De oorzaak van je ptss-klachten ligt in onjuist geanalyseerd, onjuist gecodeerd en daardoor onjuist opgeslagen materiaal in je onderbewuste brein. Je kunt je dit -let op – niet (zomaar spontaan) herinneren. Dat is neurofysiologisch onmogelijk. Laat staan opschrijven. Maar de oorzaak is er en heeft grootse invloed op je. En waar die oorzaak is ontstaan is ook nog maar de vraag…
Het onderbewuste deel van je hersenen (onze super ‘coding-machine’) koppelt je feitelijke waarnemingen – wat je ziet, hoort, ruikt, proeft en voelt – automatisch van seconde tot seconde aan de gevoelens die je op datzelfde moment in je lichaam ervaart. Het slaat emoties op als codes.
Stel je deze maar voor als kleuren. Hoe vager de kleur des te lichter de emotie. De prettige emoties worden als pastelkleuren opgeslagen en de negatieve als hele felle kleuren. De meest angstige emotie is dan knalrood.
Als gebeurtenissen te heftig voor je zijn, dan is de kleur van deze code zo fel rood dat er een kortsluiting in je hersenen ontstaat. De stoppen slaan als het ware door. Je onderbewustzijn heeft natuurlijk geen stoppen, maar wat er wel gebeurt is dat het proces van (zintuiglijke) gegevens verwerken anders verloopt dan normaal.
Het vervelende daarbij is dat je die heftige gebeurtenis, of een deel daarvan, later – let op! – niet meer spontaan kunt herinneren. Laat staan opschrijven. Terwijl het wel in je onderbewustzijn ligt opgeslagen. En daar zit de crux.

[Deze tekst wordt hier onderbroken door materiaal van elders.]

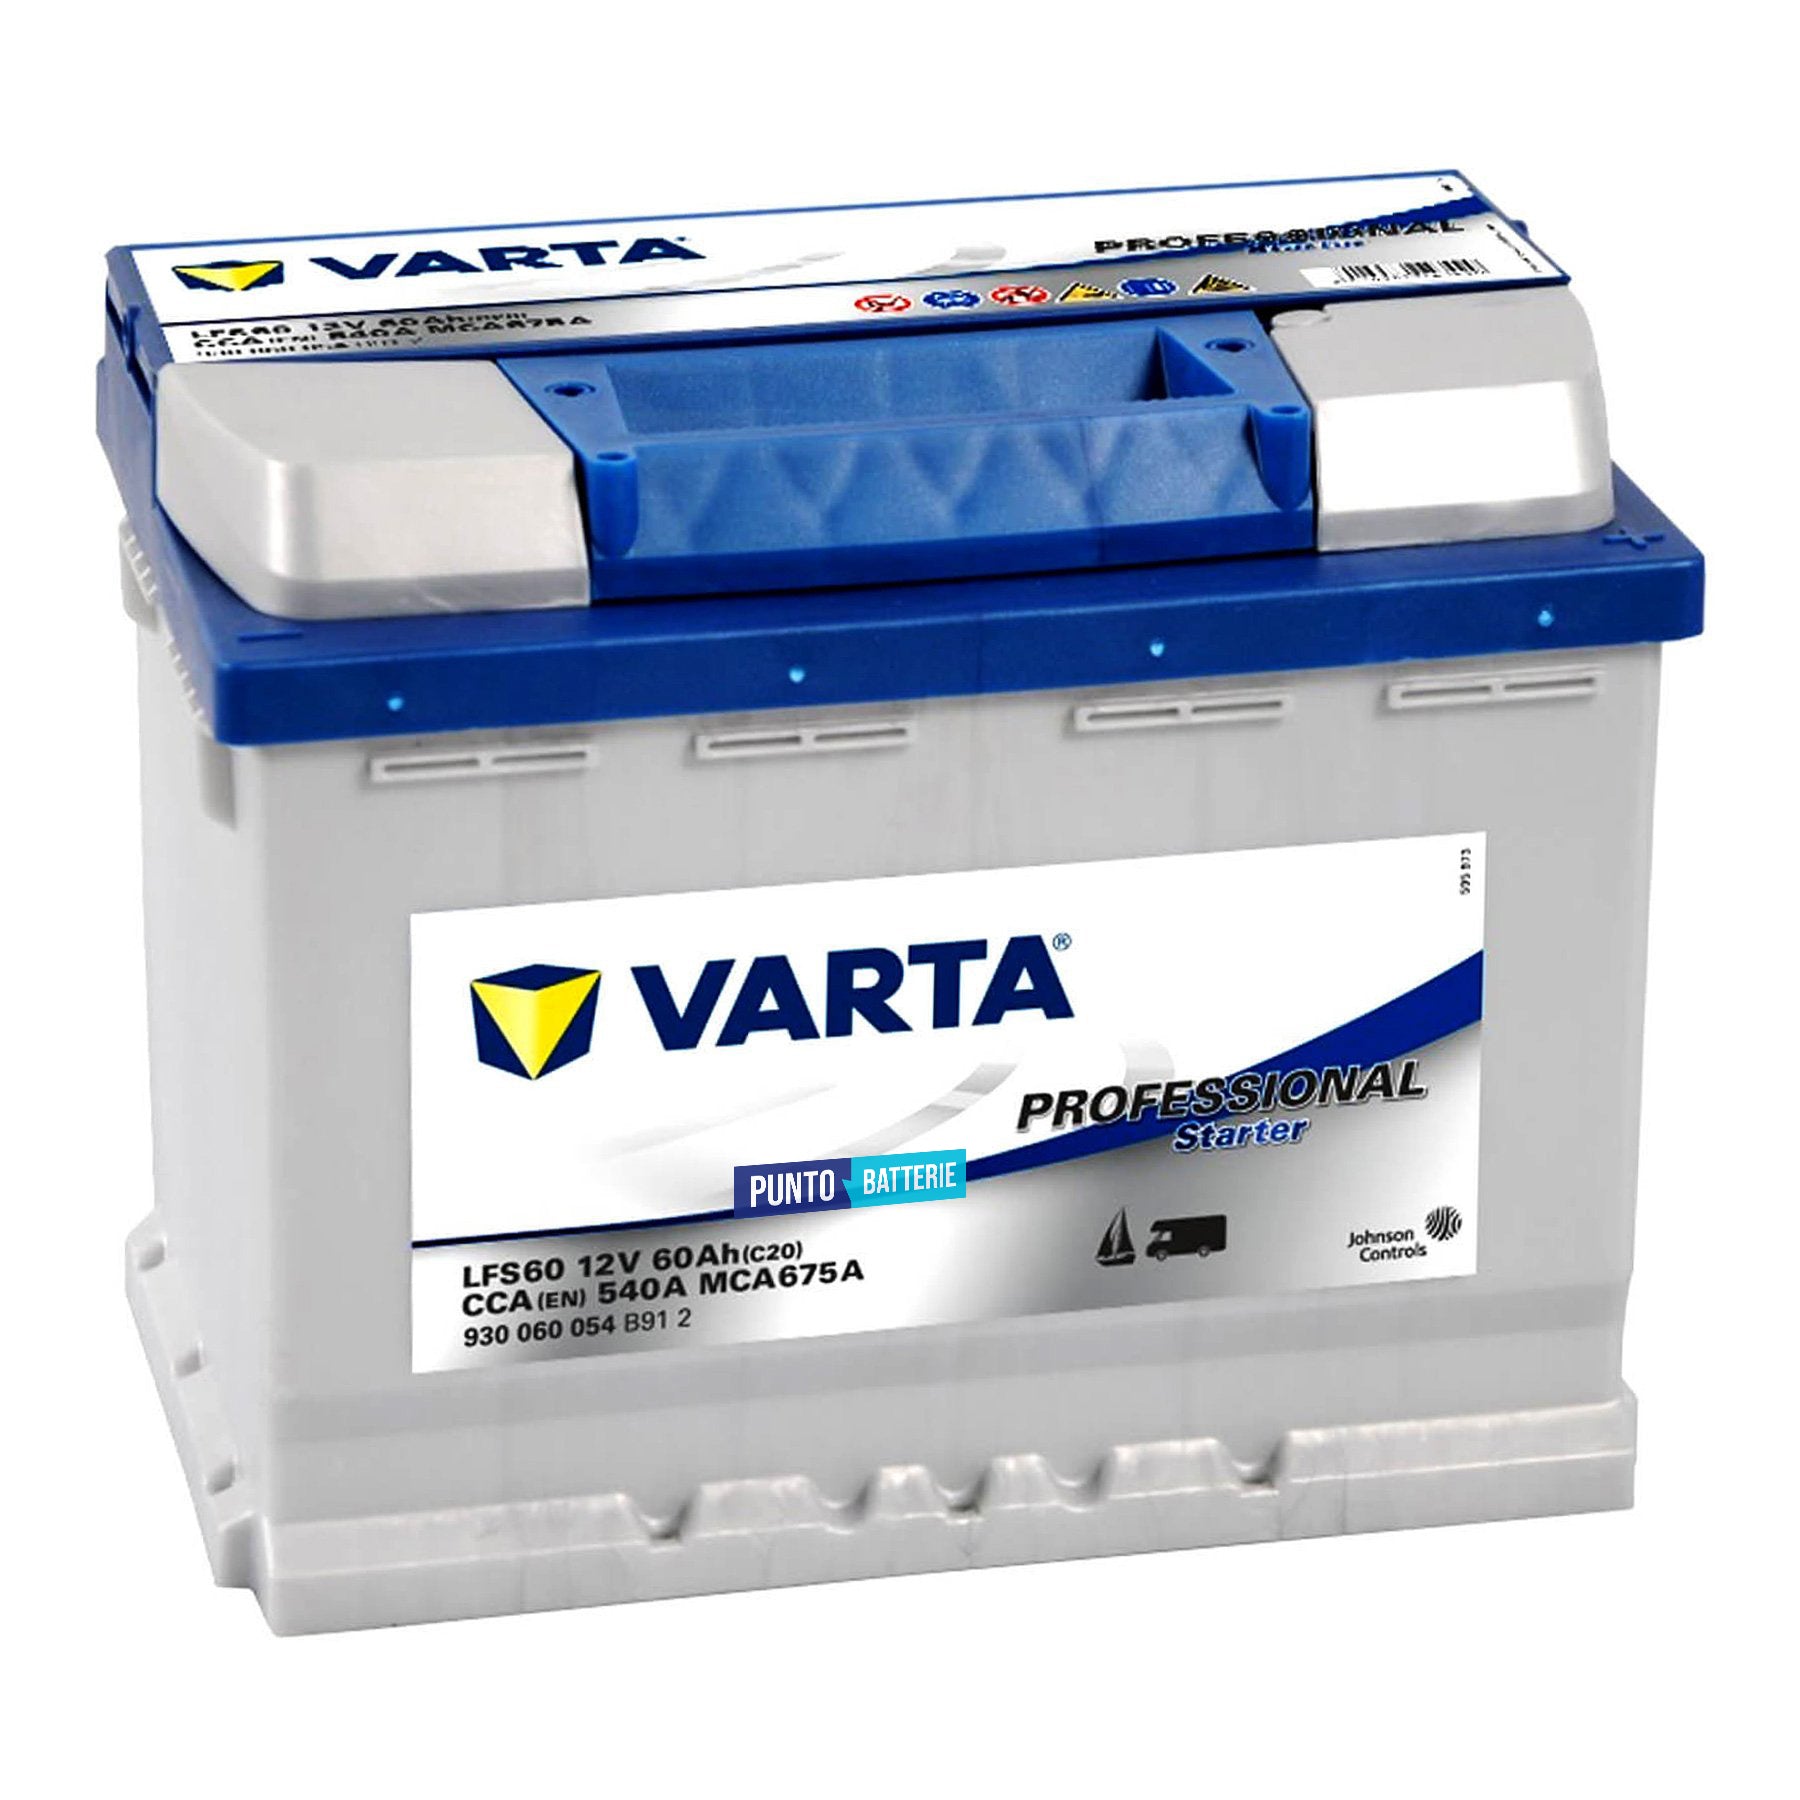 Batteria originale Varta Professional Starter LFS60, dimensioni 242 x 175 x 190, 12 volt, 60 amperora. Batteria per nautica e campeggio.

Ineens kan deze ‘stoorzender’ door nieuwe binnenkomende prikkels opspelen en een onaangenaam gevoel veroorzaken in je lichaam, zonder dat je – let op – dan bewust weet waar dit vandaan komt. Sterker nog; ze passen totaal niet bij datgene wat je op dat moment meemaakt. Als dit regelmatig voorkomt én langdurig aanhoudt, kunnen ze (soms pas jaren later) allerlei gezondheidsklachten veroorzaken.
Daarom is en blijft het zo belangrijk en nuttig om te begrijpen hoe ons brein werkt, maar nog belangrijker hoe ons brein onze fysiologie bestuurt. Het bepaalt alles wat je voelt, wat je vervolgens doet, wat je denkt, wat je vindt, wat je beslist, wat (en hoe) je beweegt, wat je zegt en nog veel meer.
Dat is dus niet niks.
Ben je het met me eens dat het absoluut de moeite waard is om daar dieper in te duiken?

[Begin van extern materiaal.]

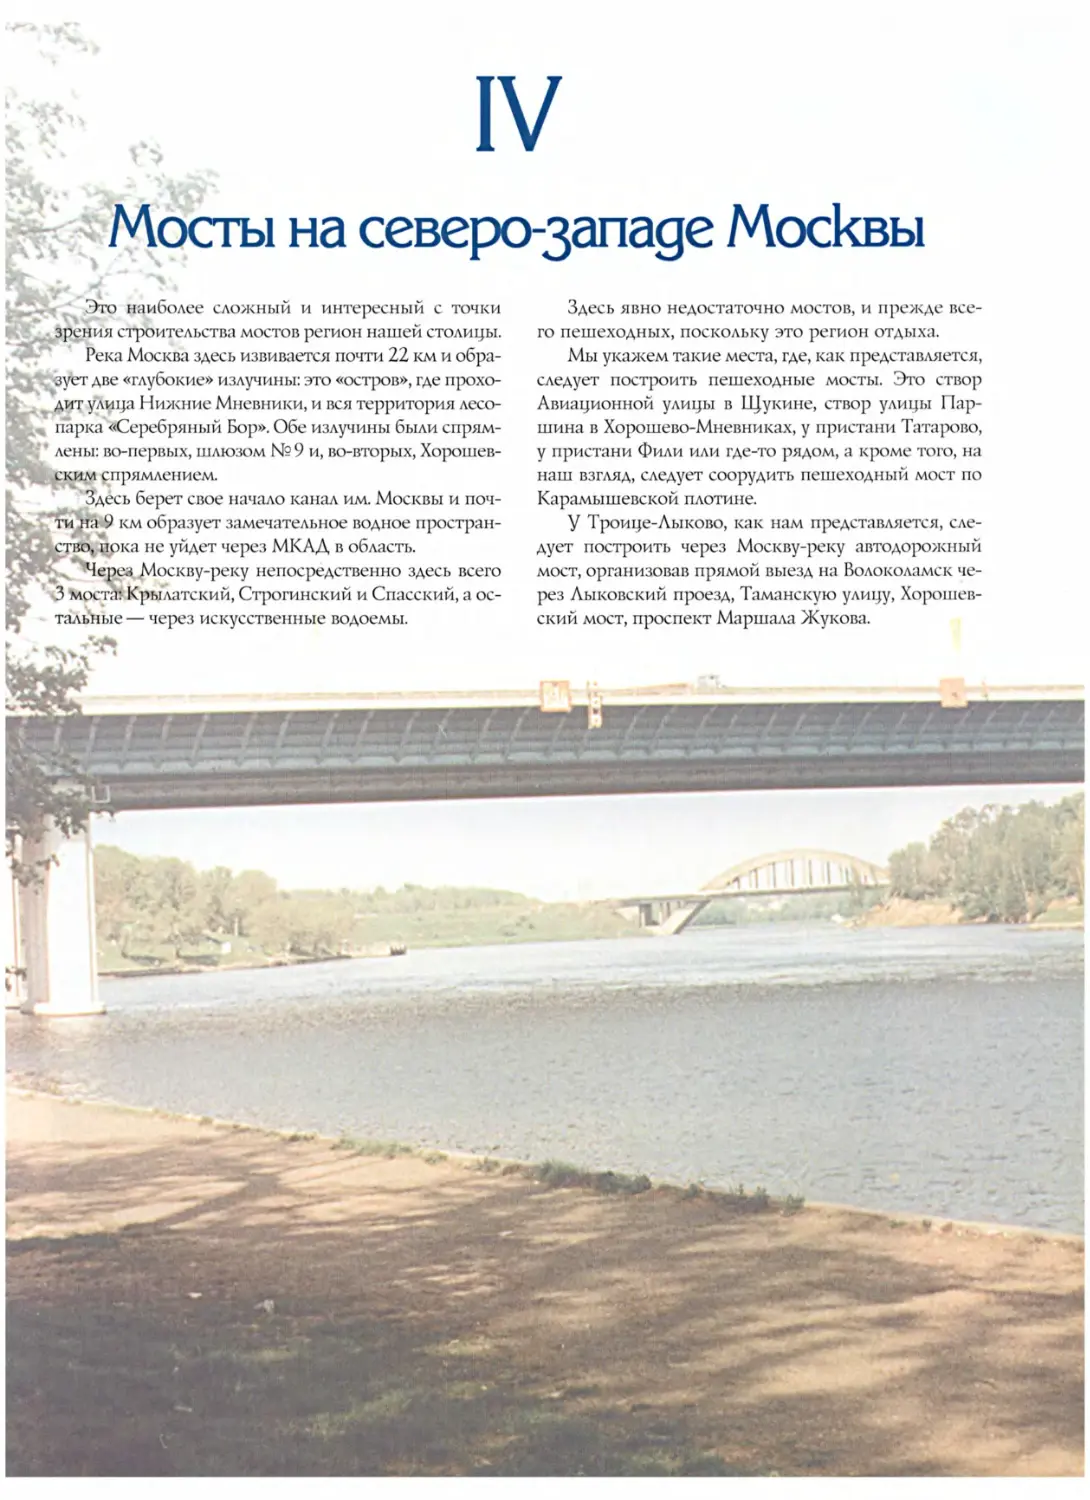 IV. Мосты на северо-западе Москвы

De kennis van de zintuigelijke gegevensverwerking van het (onderbewuste) brein tijdens – voor jou – buitengewone emotioneel ingrijpende gebeurtenissen en de consequenties daarvan voor je gedrag, je presteren en last but not least je gezondheid geven ons de mogelijkheid om ‘anders vast te houden’. Om de leefwereld van mensen leidend te maken en de wereld van regels, protocollen en processen, de zgn. systeemwereld daaraan ondersteunend te laten zijn. Maar niet andersom, want dat leidt bewust of onbewust tot ziektewinst en dat kent uiteindelijk alleen verliezers.
Begrip van de taalregels van het brein biedt perspectief op gezond worden, weer kunnen genieten van het leven en van kinderen en kleinkinderen. Daarmee kunnen we professionals aan boord houden en voorkomen dat ze hun droombaan voortijdig vaarwel (moeten) zeggen.